- **Data provided**
[Start of section]
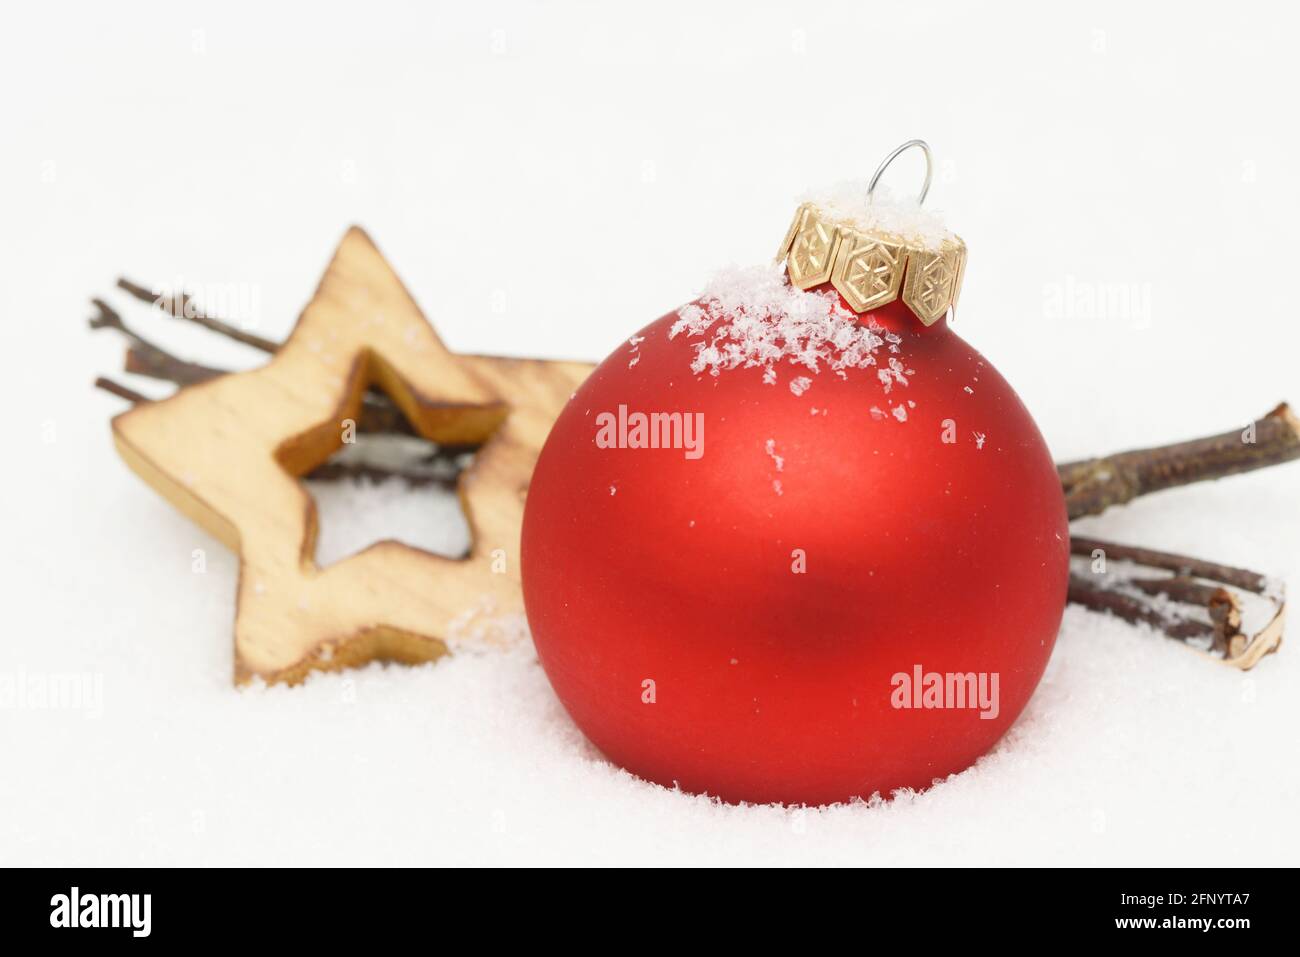 red christmas ornament, branch and wooden star lying in snow Stock Photo
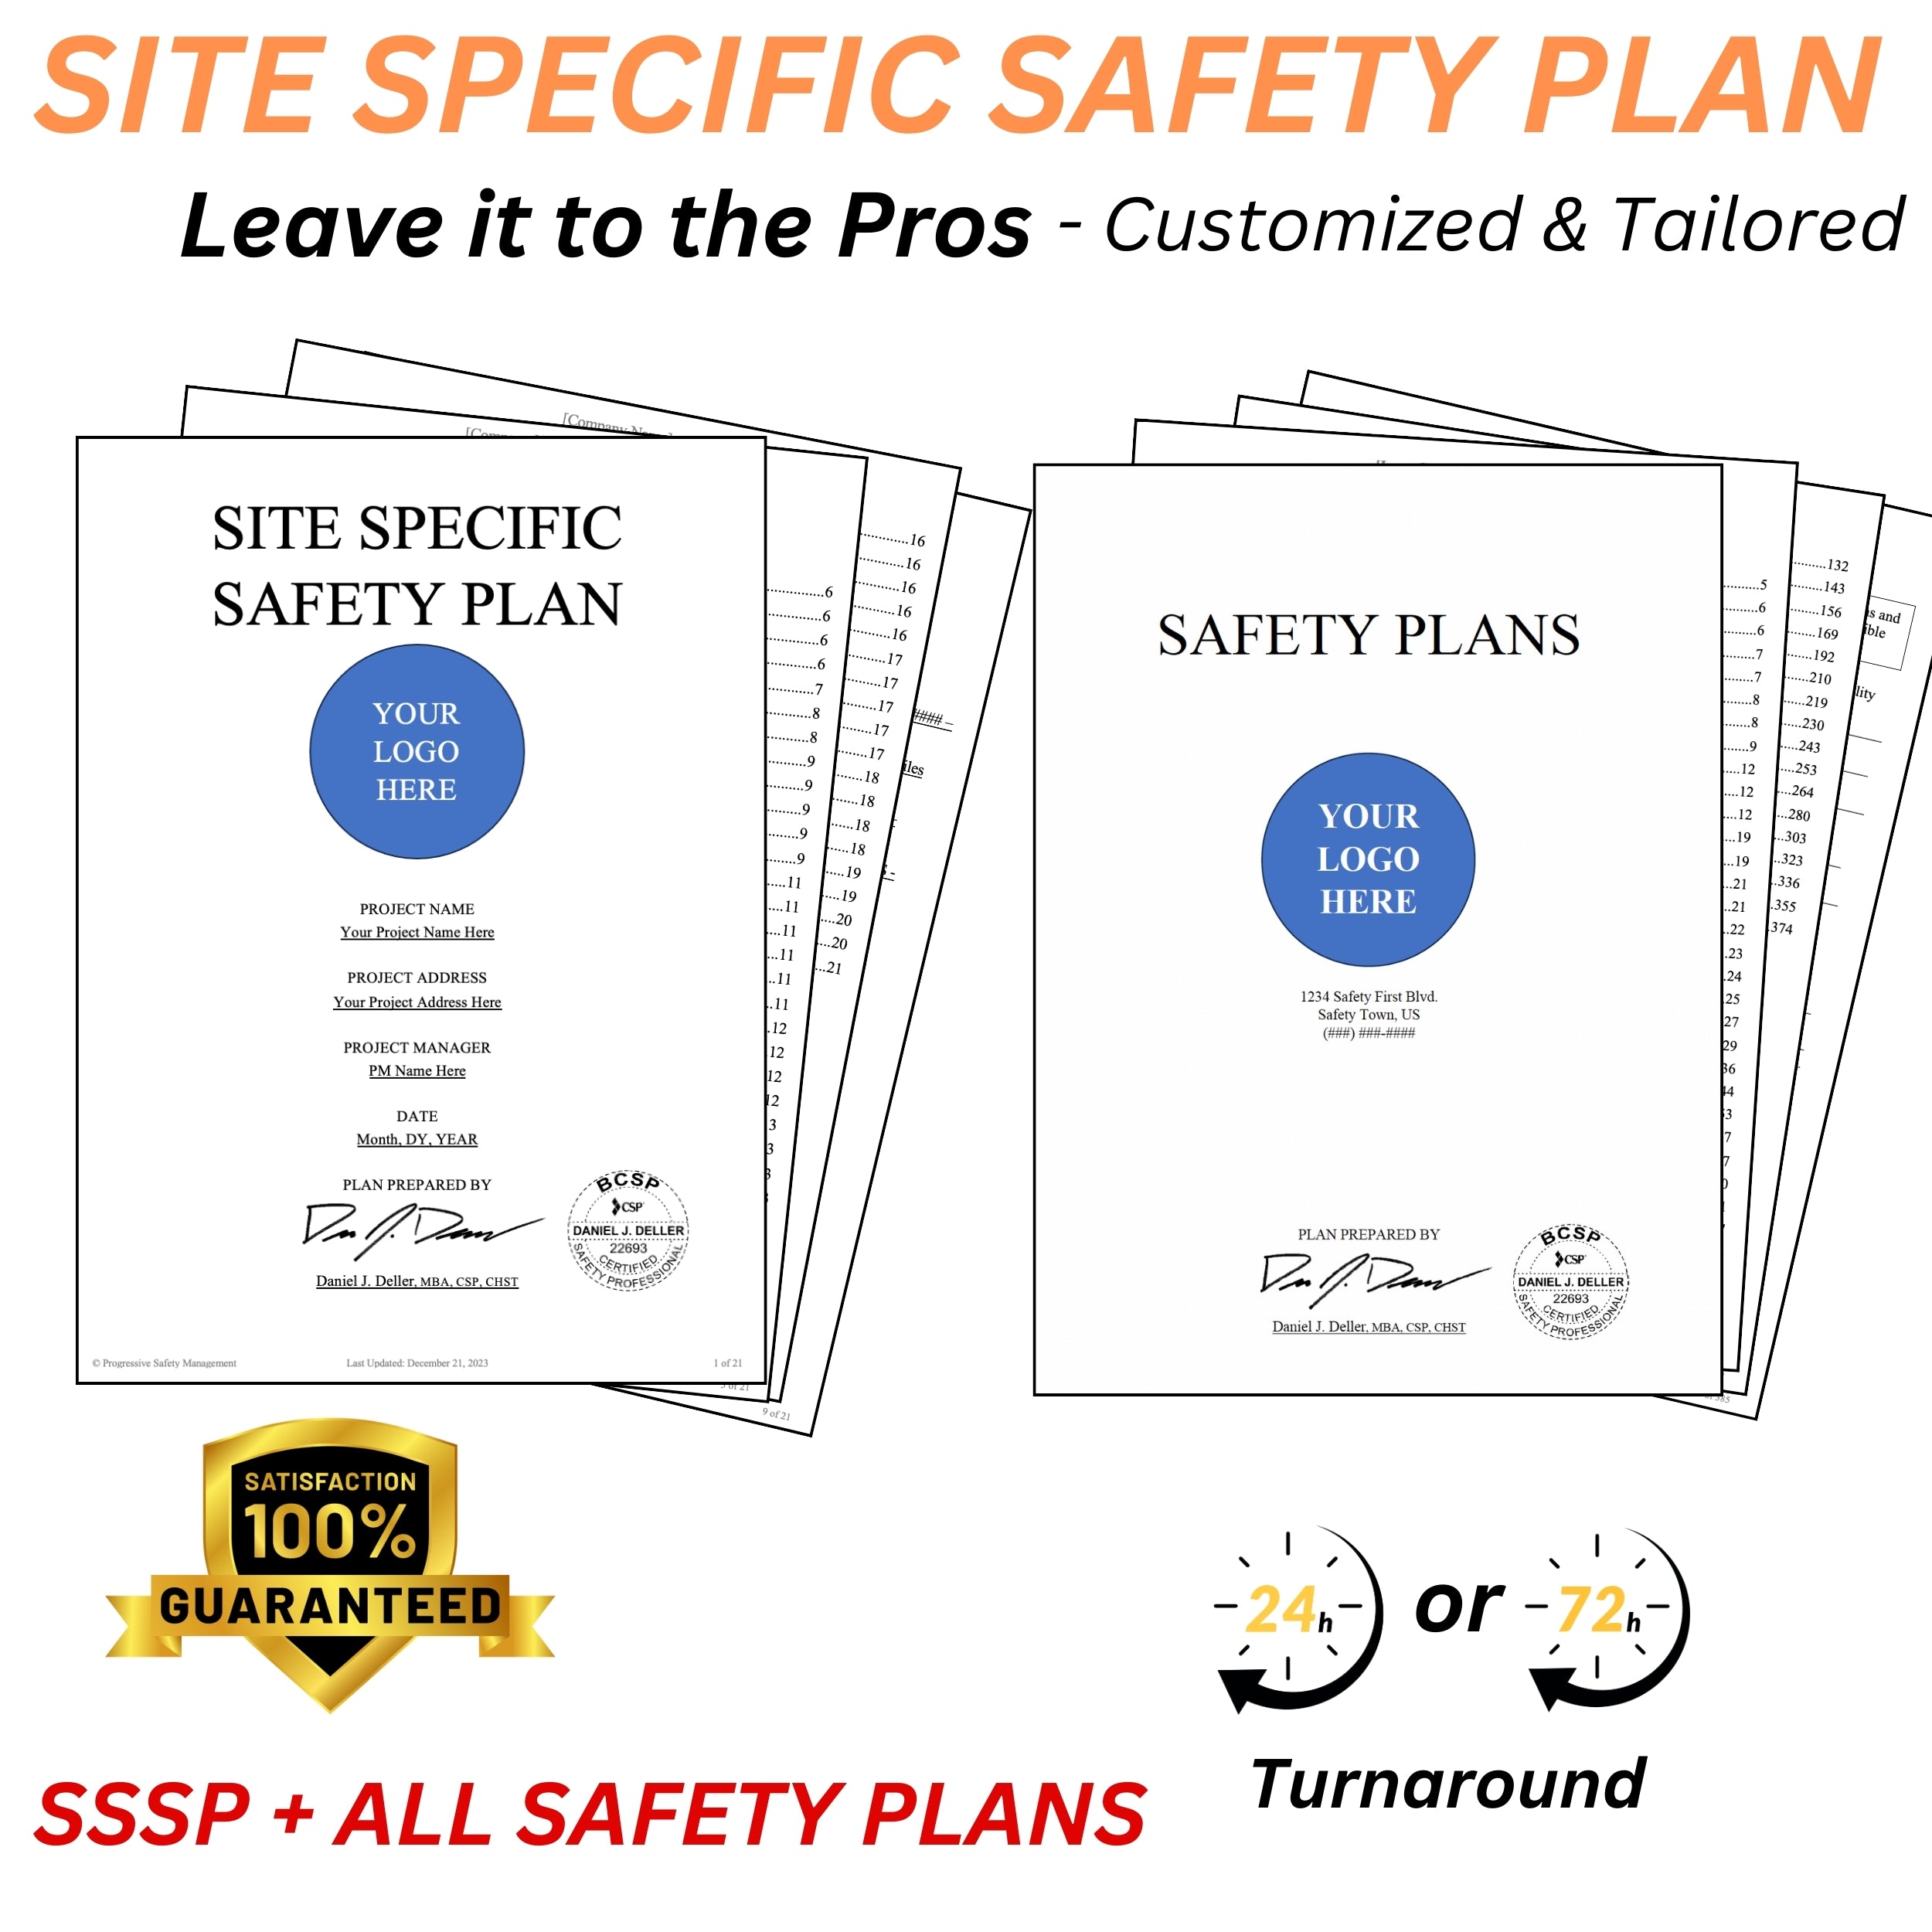 Site Specific Safety Plan
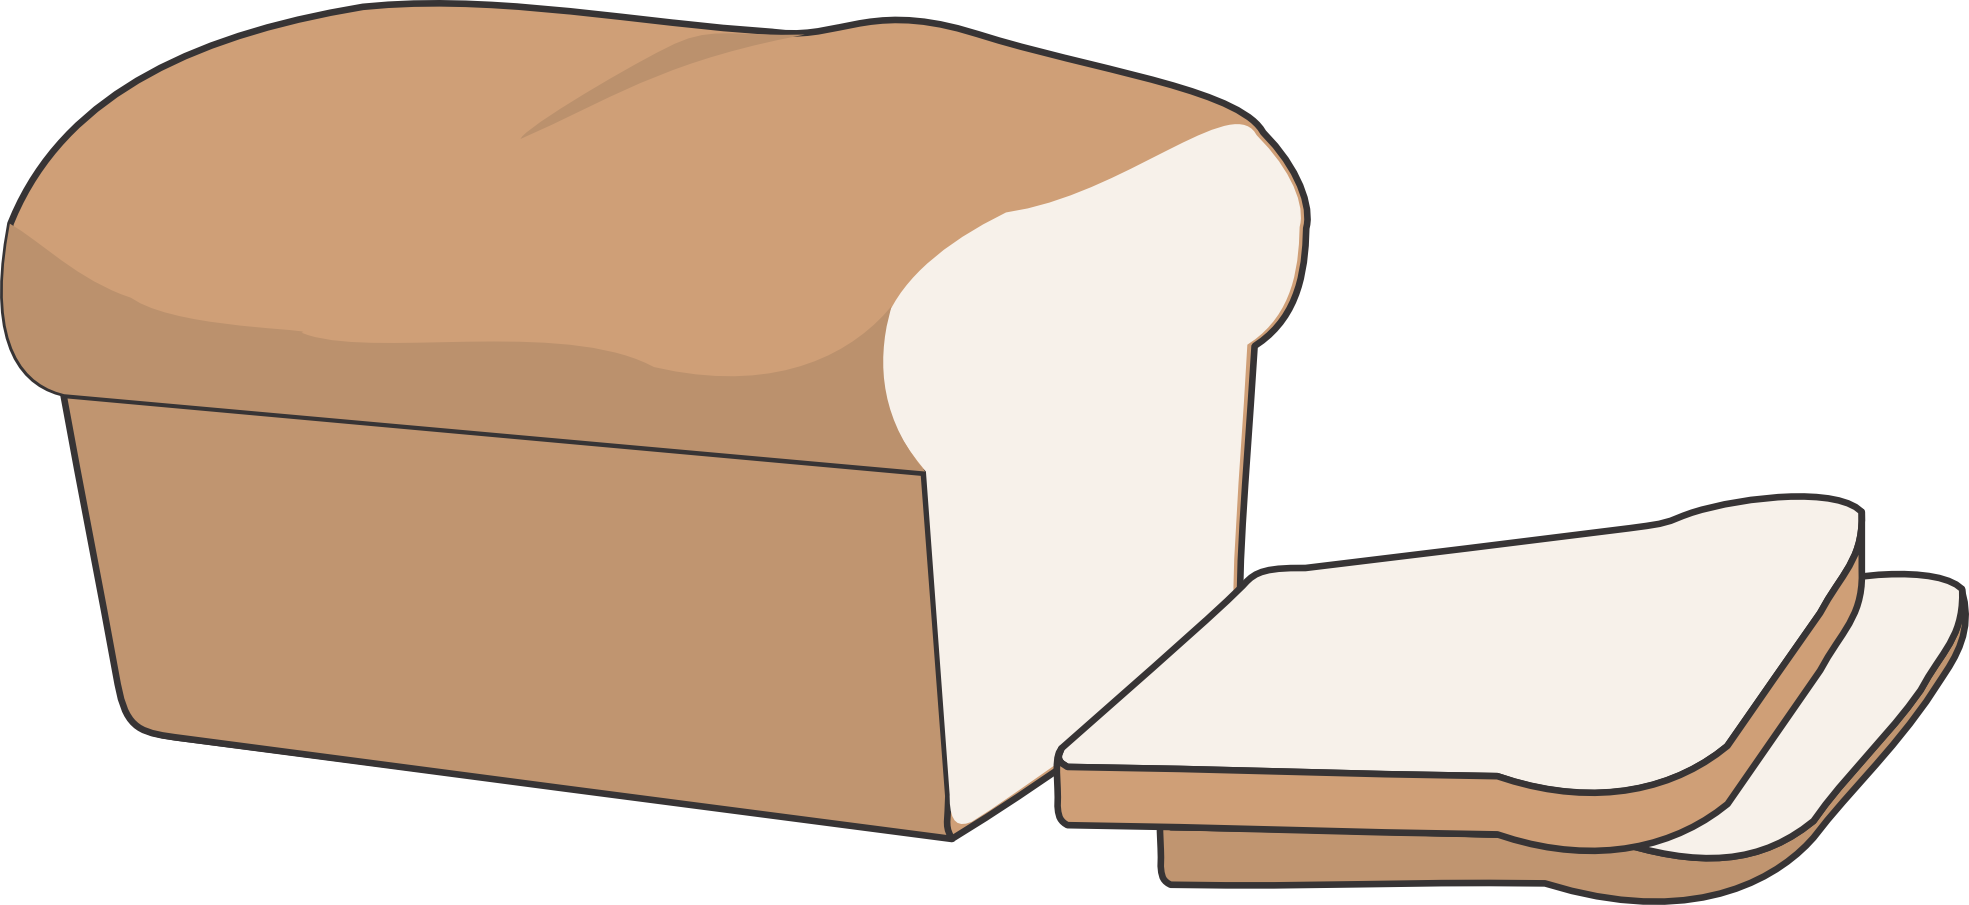 Bread Image Image Of A Cut Loaf Clipart
[End of section]
- **Task goal**
Provide the listing above once more, exactly, with the pictures removed.

- **Reply to the task**
 red christmas ornament, branch and wooden star lying in snow Stock Photo
 Site Specific Safety Plan
 Bread Image Image Of A Cut Loaf Clipart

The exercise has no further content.